### DATA UNDER STUDY

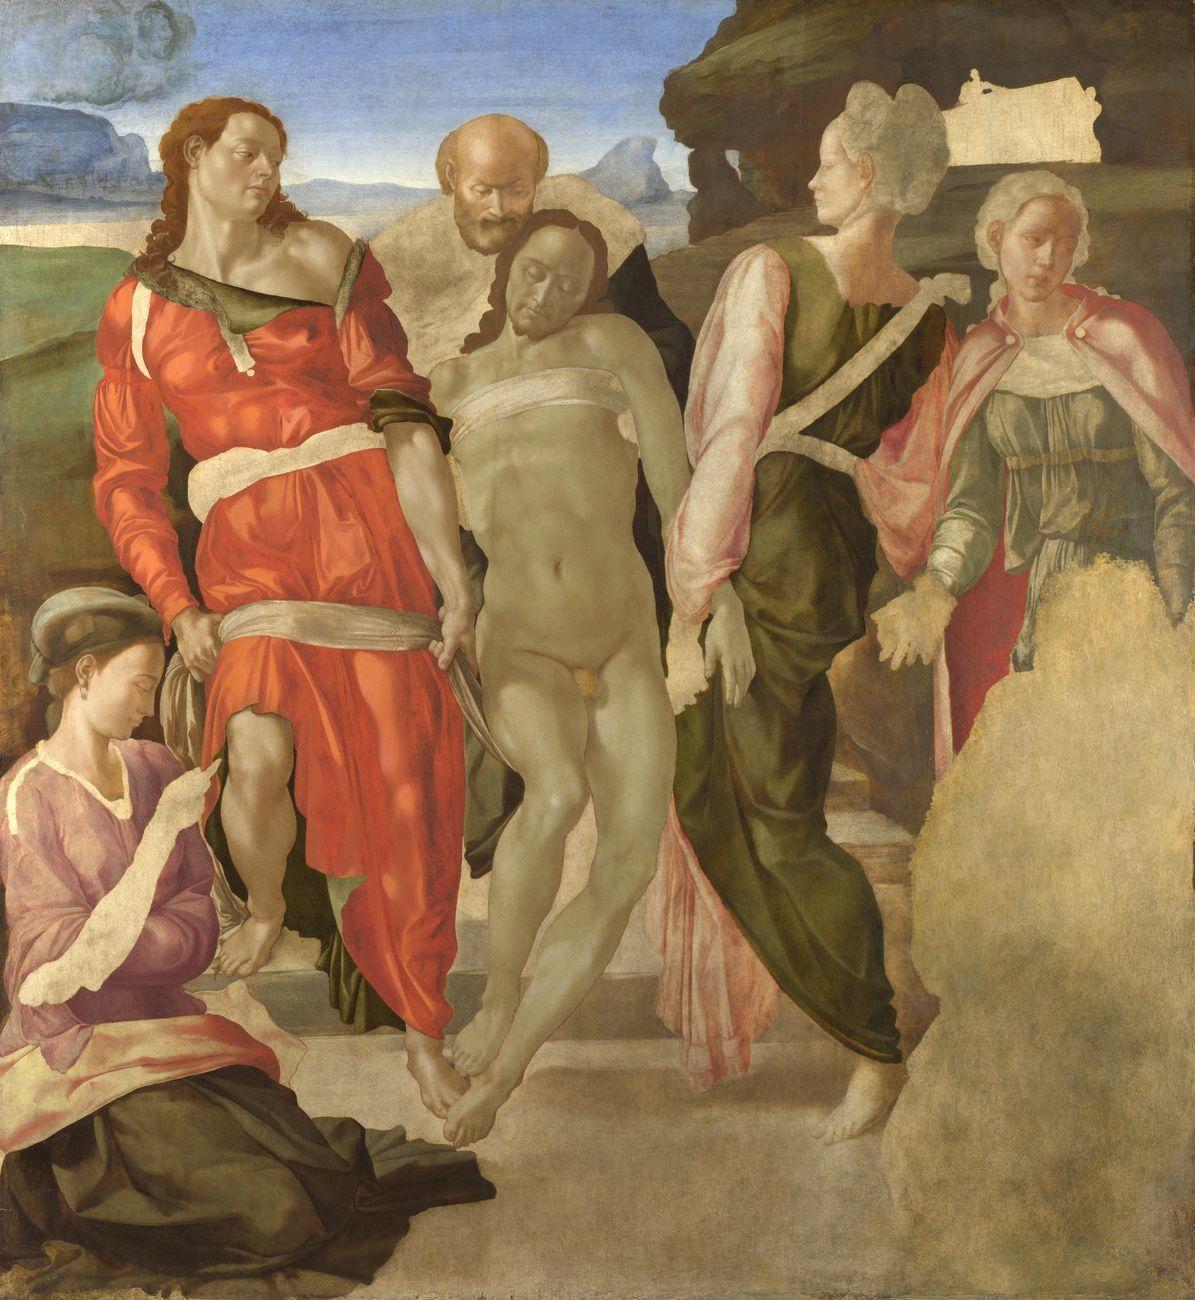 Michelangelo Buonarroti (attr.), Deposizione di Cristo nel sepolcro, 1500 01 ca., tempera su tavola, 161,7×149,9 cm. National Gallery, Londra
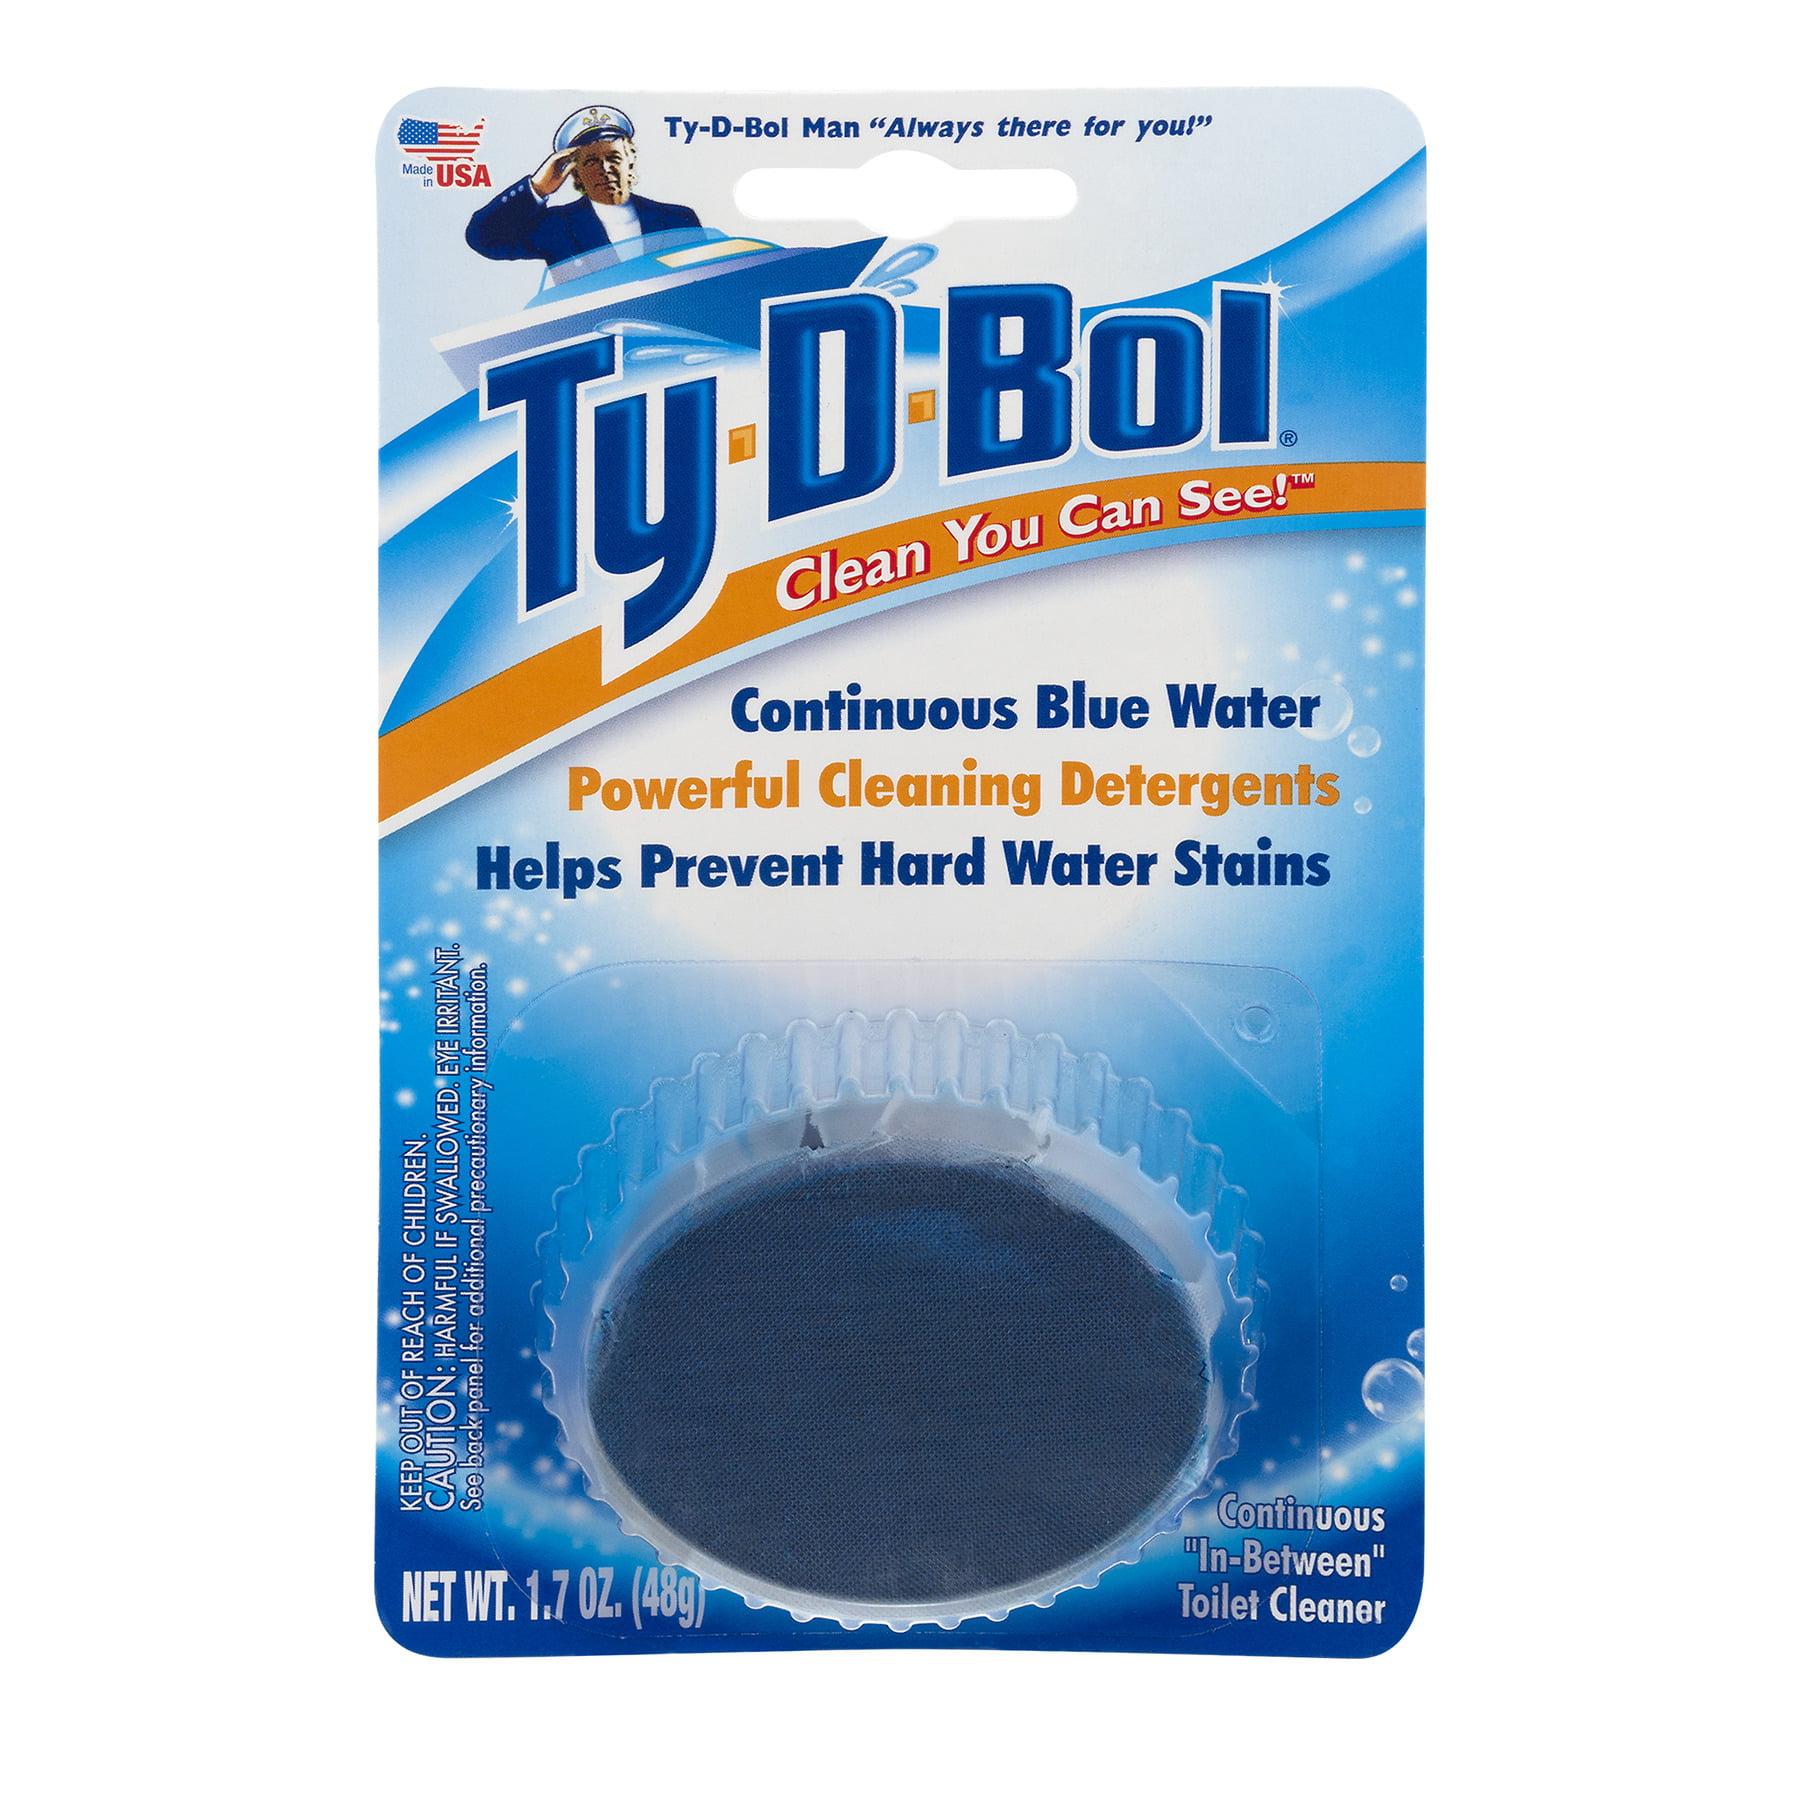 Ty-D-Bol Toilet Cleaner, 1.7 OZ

==

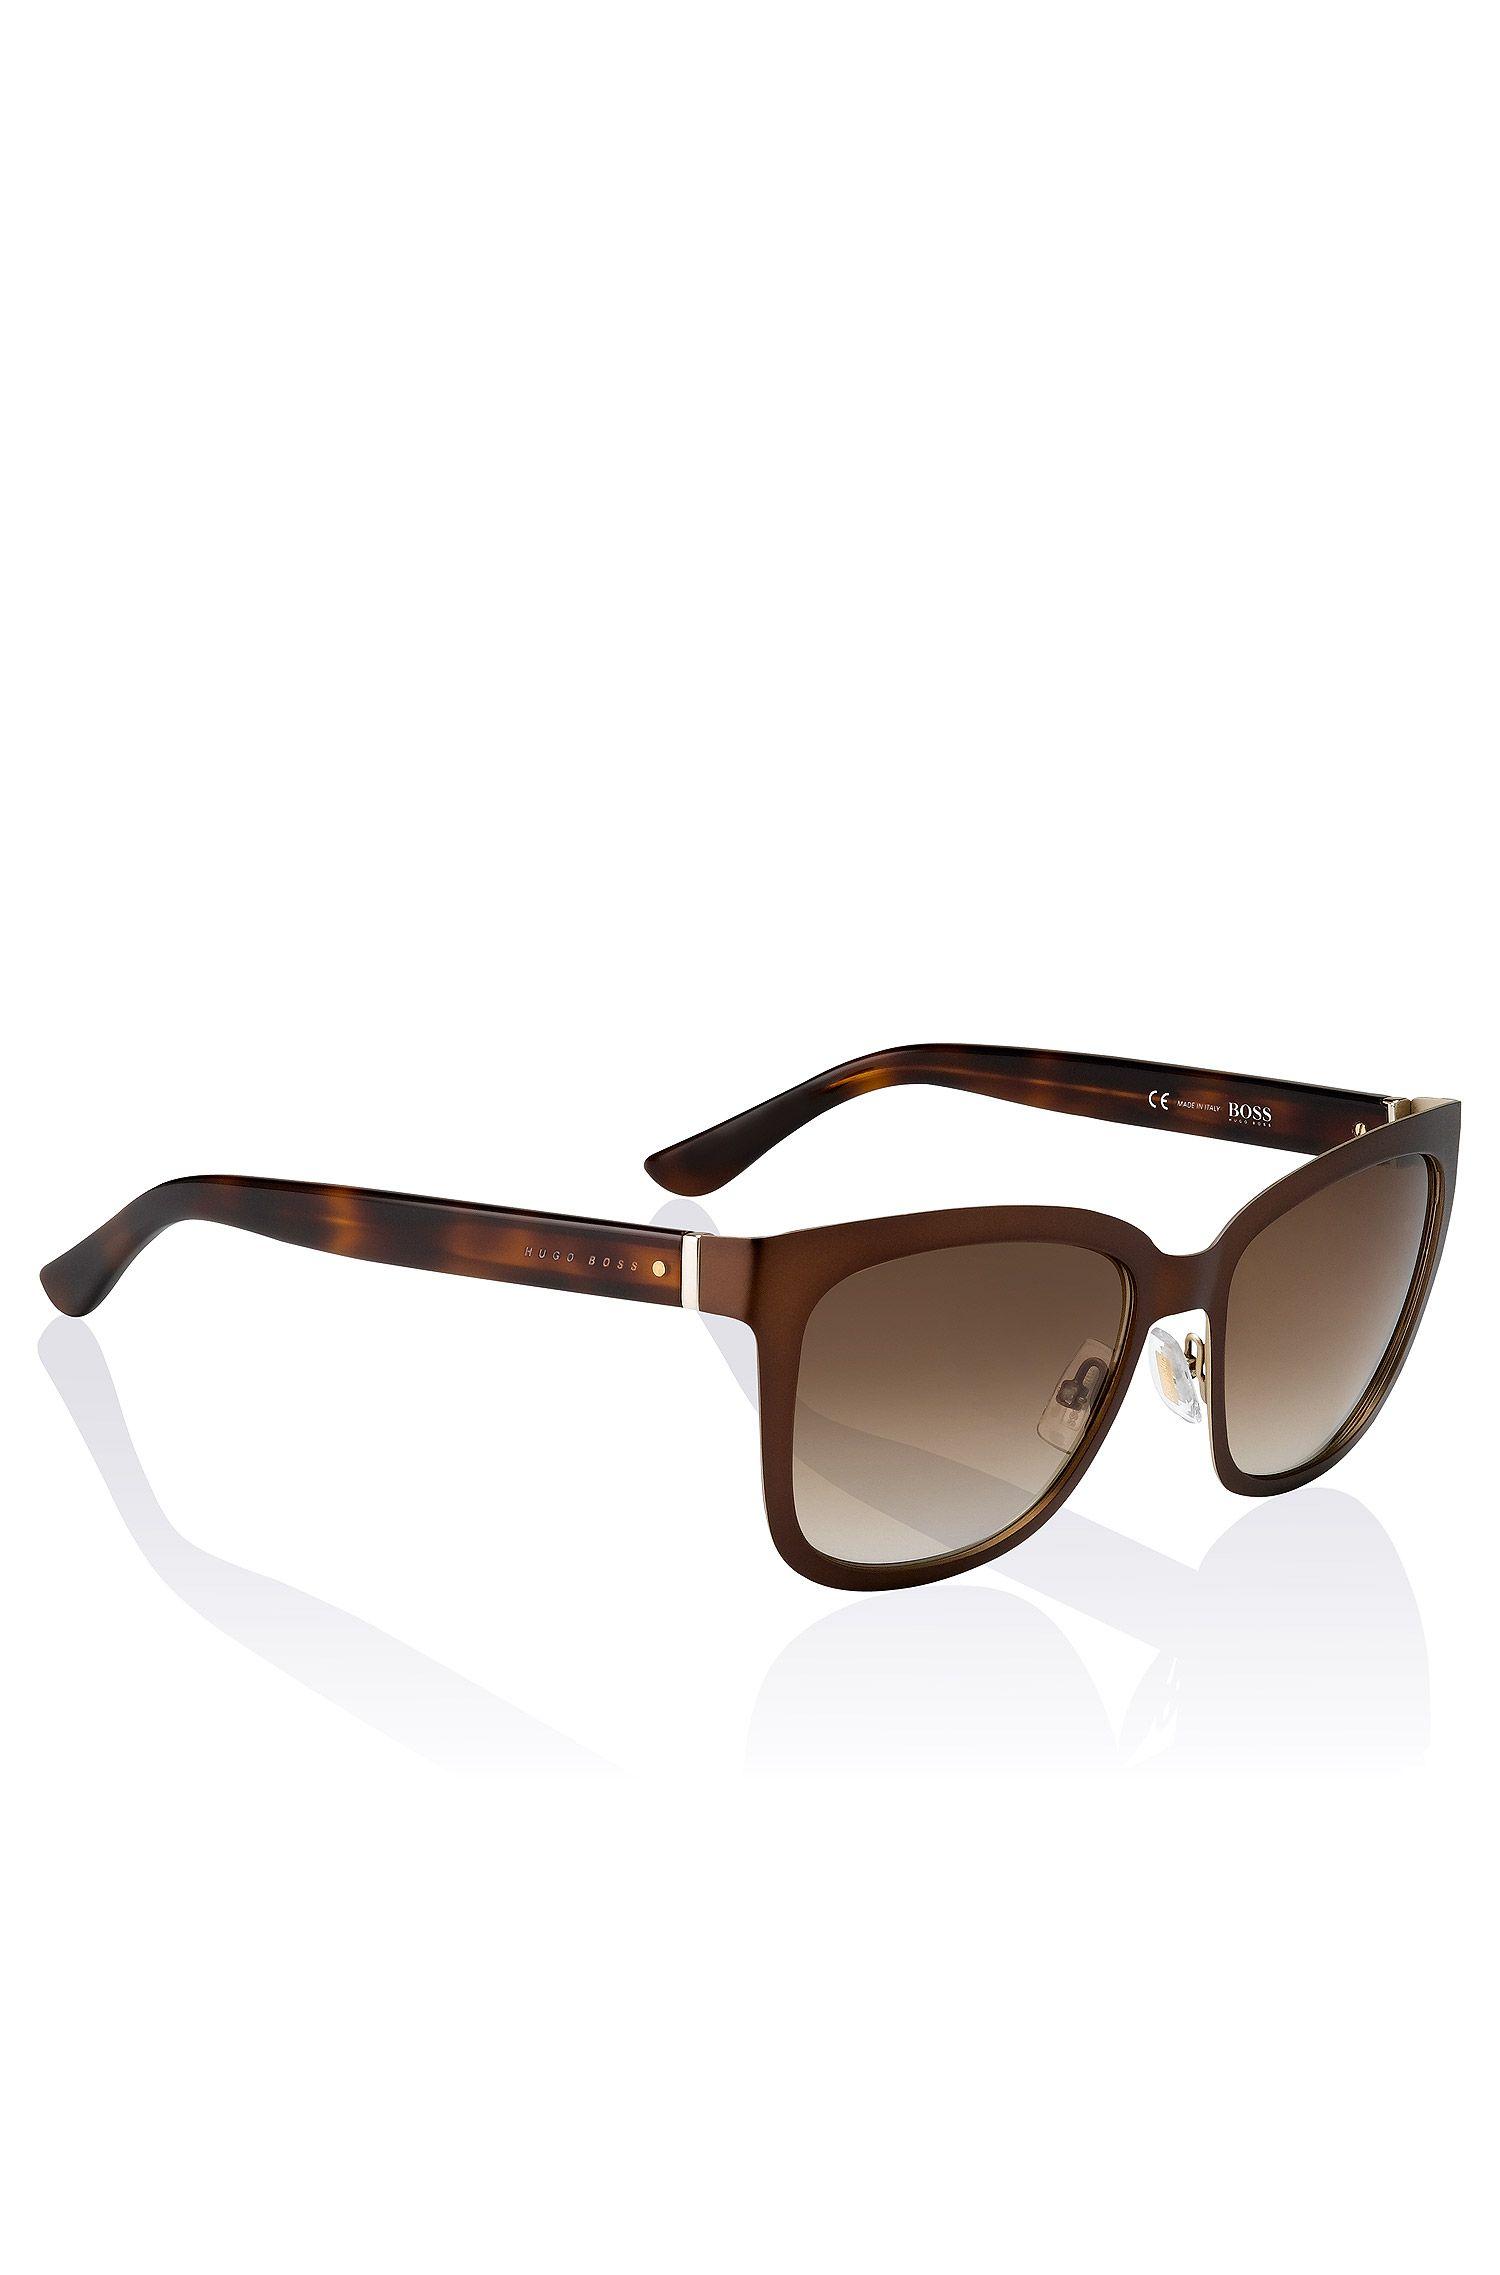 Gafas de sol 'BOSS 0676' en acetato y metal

### EXERCISE INSTRUCTIONS
Pictures in the material above should be skipped; print exactly the lines from the one with "Michelangelo Buonarroti (attr.), Deposizione" through the one with "Ty-D-Bol Toilet Cleaner, 1.7 OZ".

### WRITTEN ANSWER
 Michelangelo Buonarroti (attr.), Deposizione di Cristo nel sepolcro, 1500 01 ca., tempera su tavola, 161,7×149,9 cm. National Gallery, Londra
 Ty-D-Bol Toilet Cleaner, 1.7 OZ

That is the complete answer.